— Что же теперь будем делать, Олеся? — спросил он, впервые в жизни советуясь с нею.

И она, его тихая тень, его смущенная улыбка, его печальная думка, тоже впервые в жизни принялась его утешать.

— Жили мы, Супрун, на двух десятинах, жили и на пяти, стало у нас десять, а потом и за двадцать перевалило. Так что ж мы — не как все люди?! На норме не проживем?

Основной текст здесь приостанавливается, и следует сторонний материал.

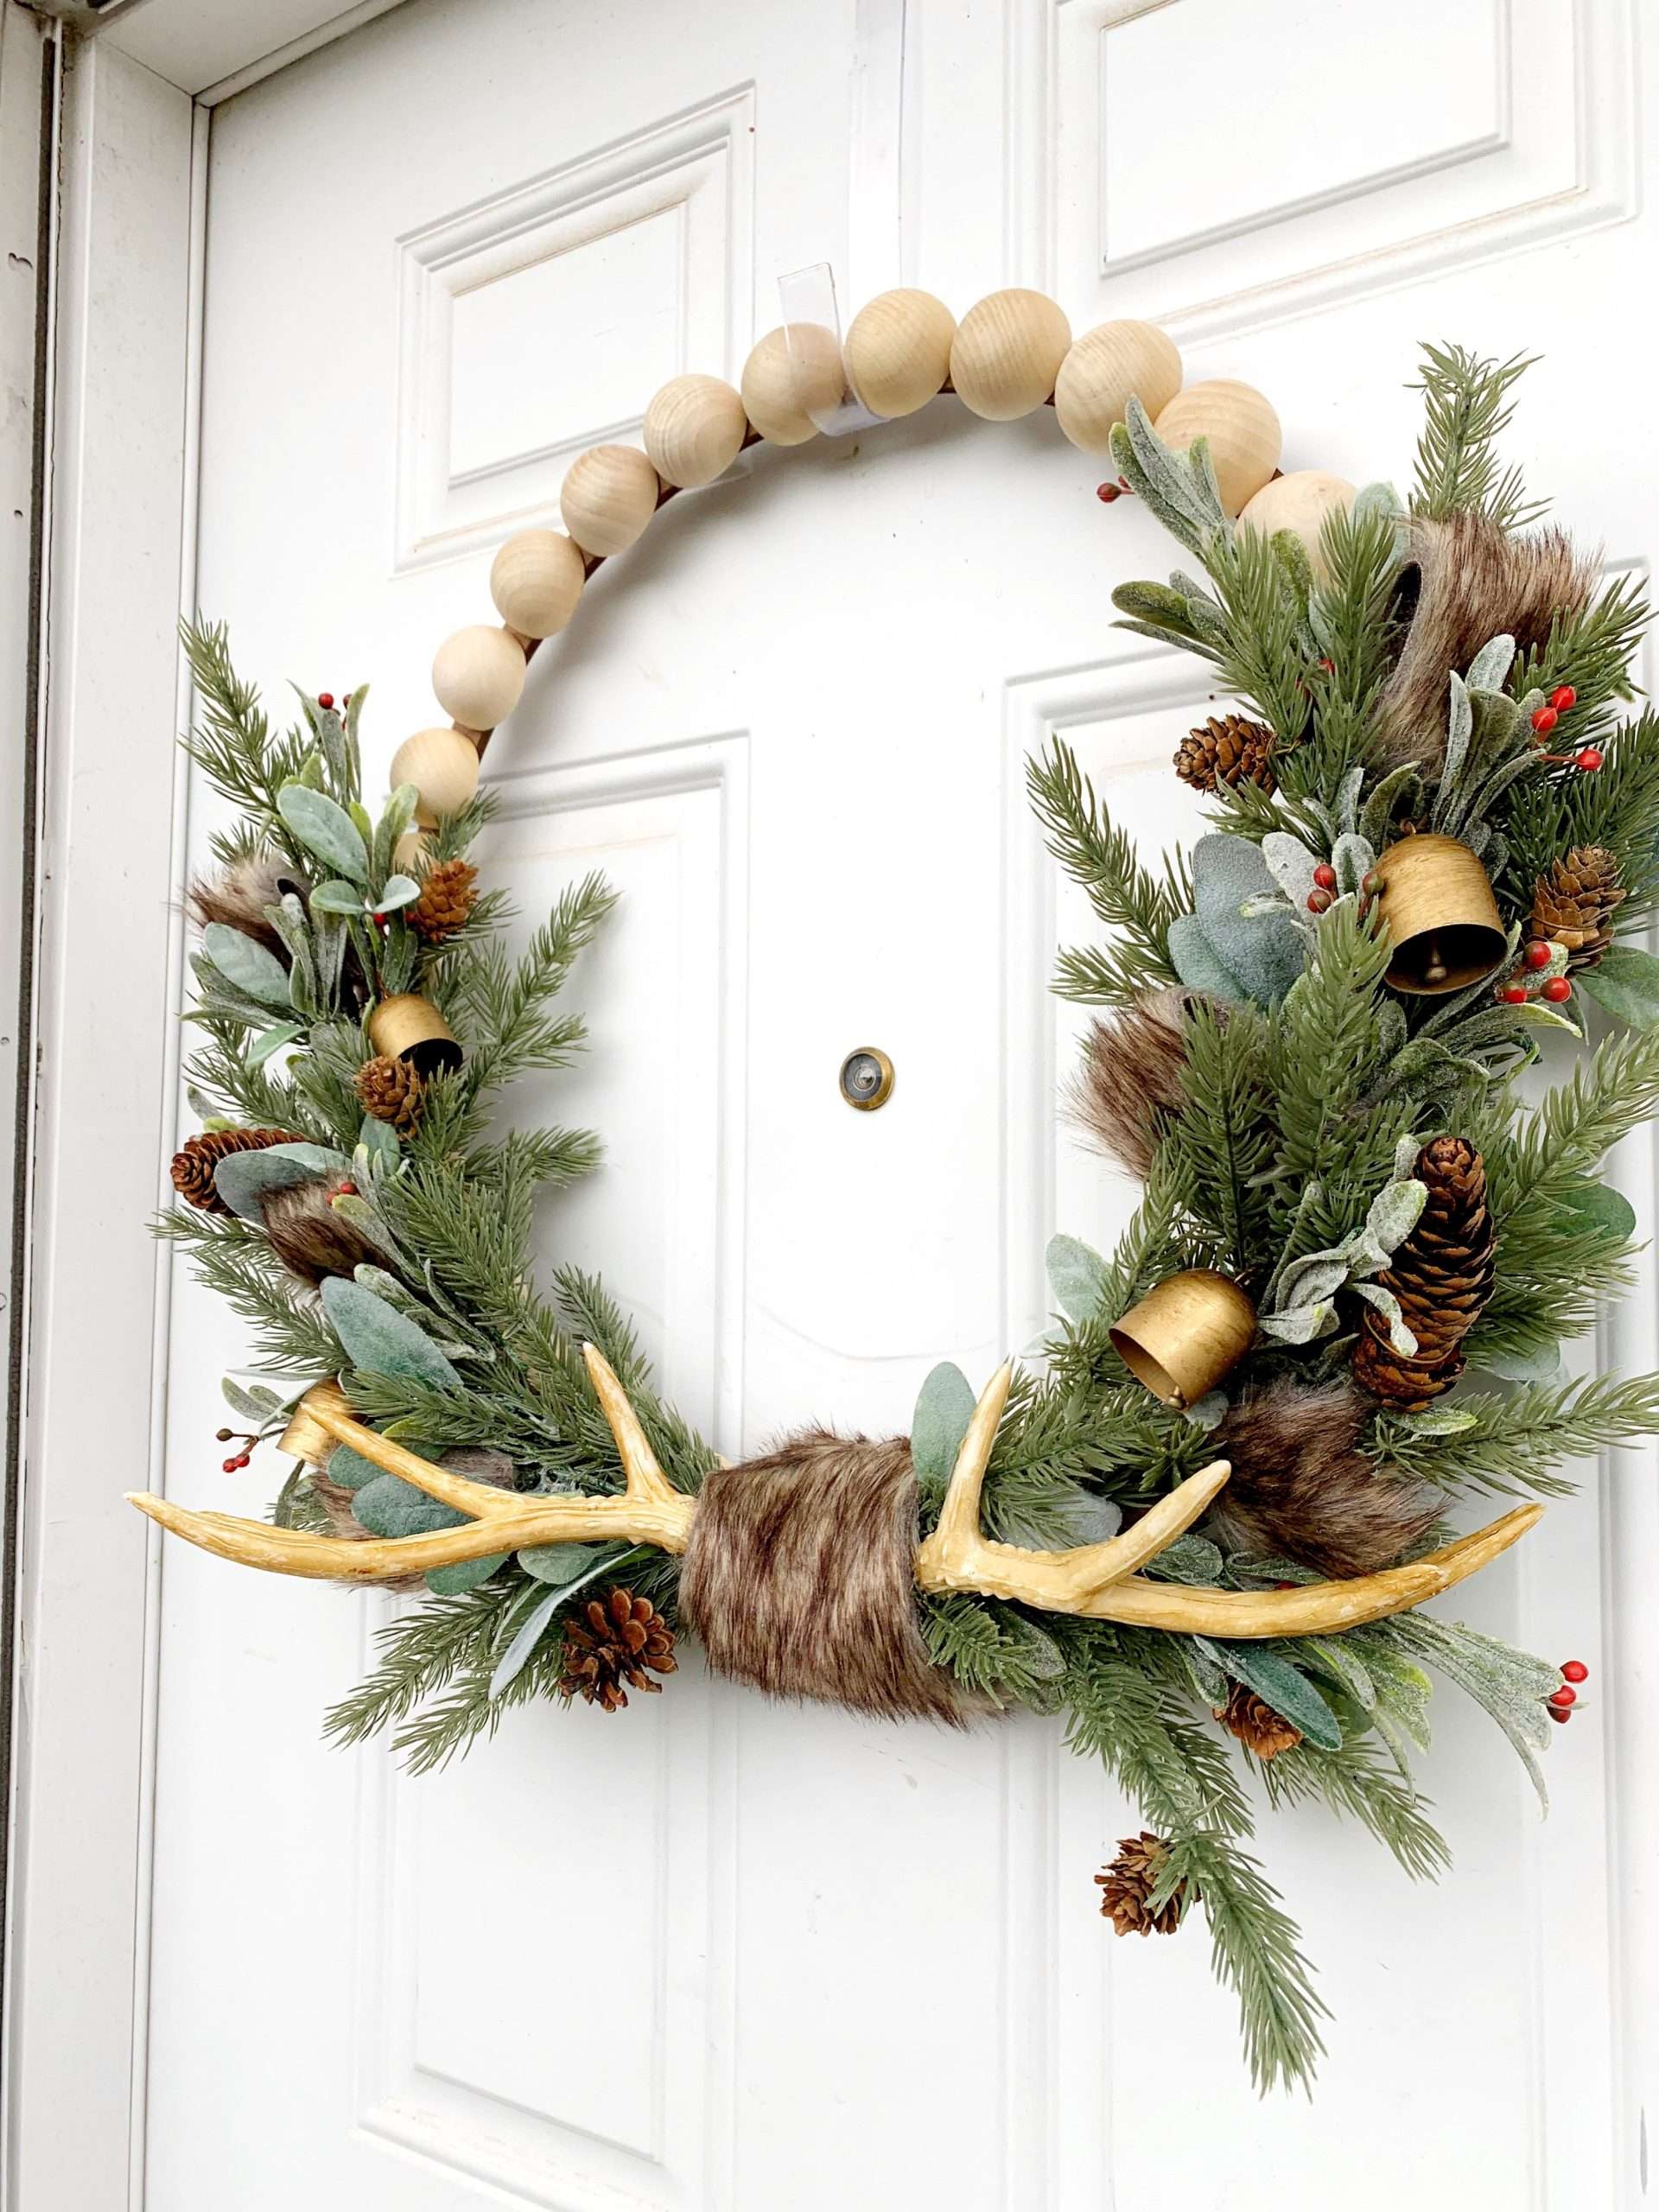 How to make a rustic wood bead Christmas wreath with antlers and bells.
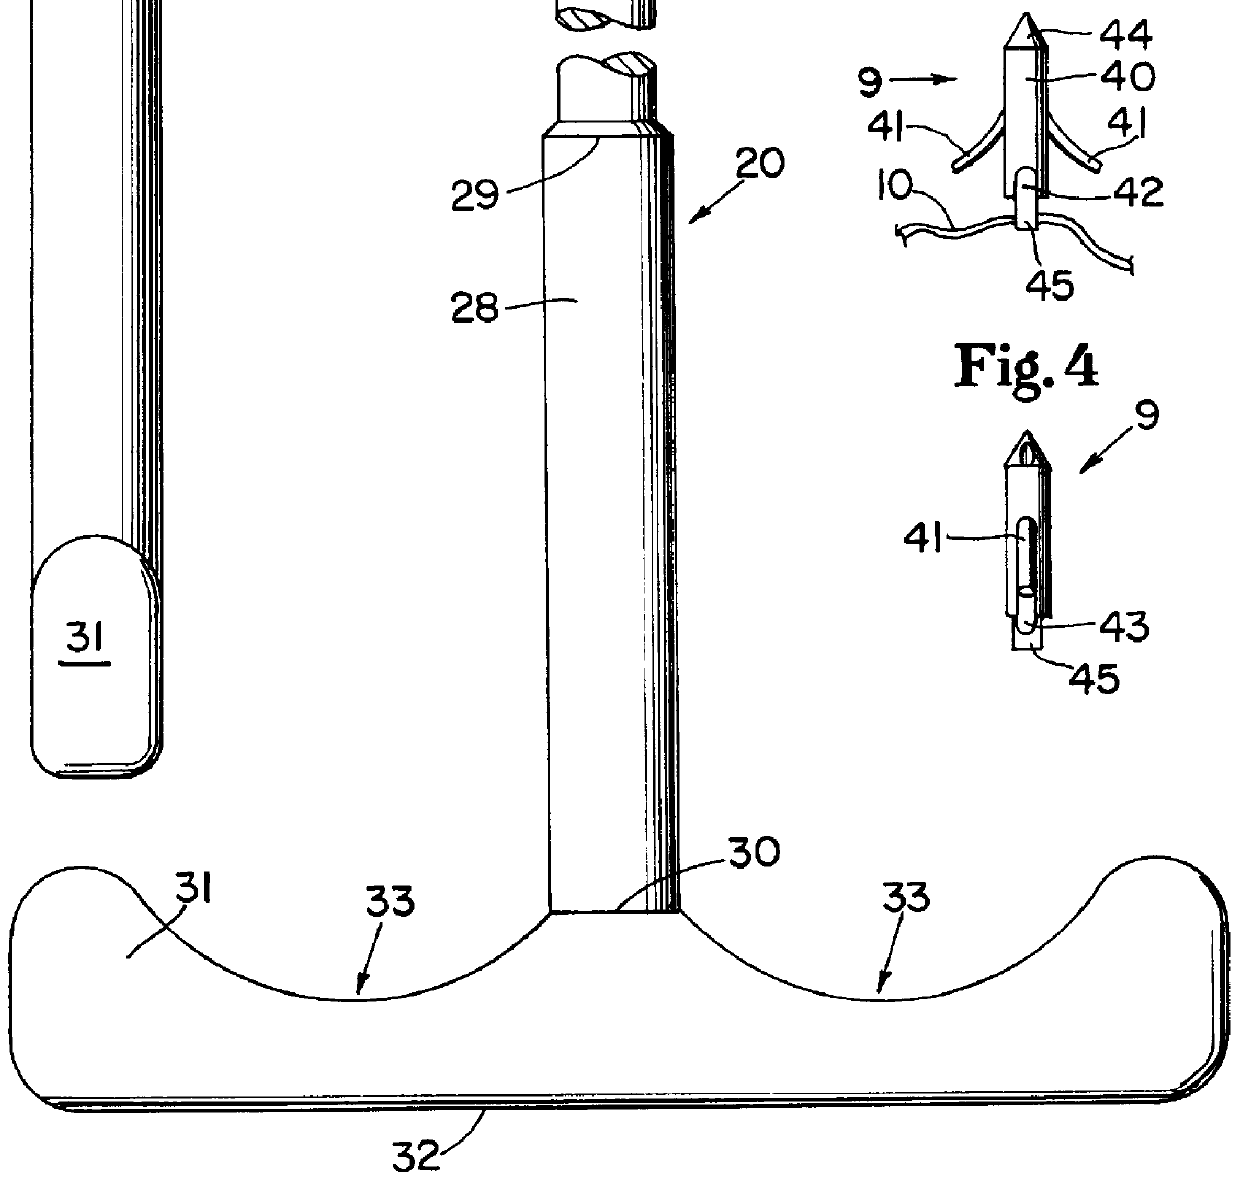 Bone anchor-insertion tool and surgical method employing same

— Да разве человеку норма нужна? Я хотел, чтобы ты у меня на старости лет княгиней жила.

— А может, обойдемся без княжества? — грустно улыбнулась Олеся, не зная, не остановит ли ее вспыльчивый муж: у него для порядка жена приучена молчать. — Побывала я раз на веку княгиней, и будет с меня.

— Когда же это было? — спросил он, не сообразив.

— А когда ты князем был, на свадьбе у нас. Помнишь тот день?.. Тогда небо хмурилось и прояснялось, и дождик пролился на землю, как солнечный сок…

— Да, тогда солнце светило.

Супрун поглядел на луну. Как давно это было! Ему вспомнился свадебный двор, бояре, дружки, невестины подруги. И снова на глаза надвинулась мгла.

— Не могу, не могу, Олеся, без своей земли, она уже небось и в сердце набилась. Как мы мучились над ней!

— Мучились, Супрун. И кто его знает, надо ли было? Может, когда-нибудь дети или внуки посмеются над тем, как мы жили, гоняясь за богатством.

Он с удивлением взглянул на свою тихую жену: она ли это говорит? Когда же она этому выучилась?

— Смеяться будет только тот, кто земли не понимает, кому все равно, колос ли над нею покачивается или бурьян цепляется за грунт… А новая власть понимает землю?

— Должна бы понимать, раз хочет, чтобы у каждого мужика был надел, — снова нашла неожиданные слова жена.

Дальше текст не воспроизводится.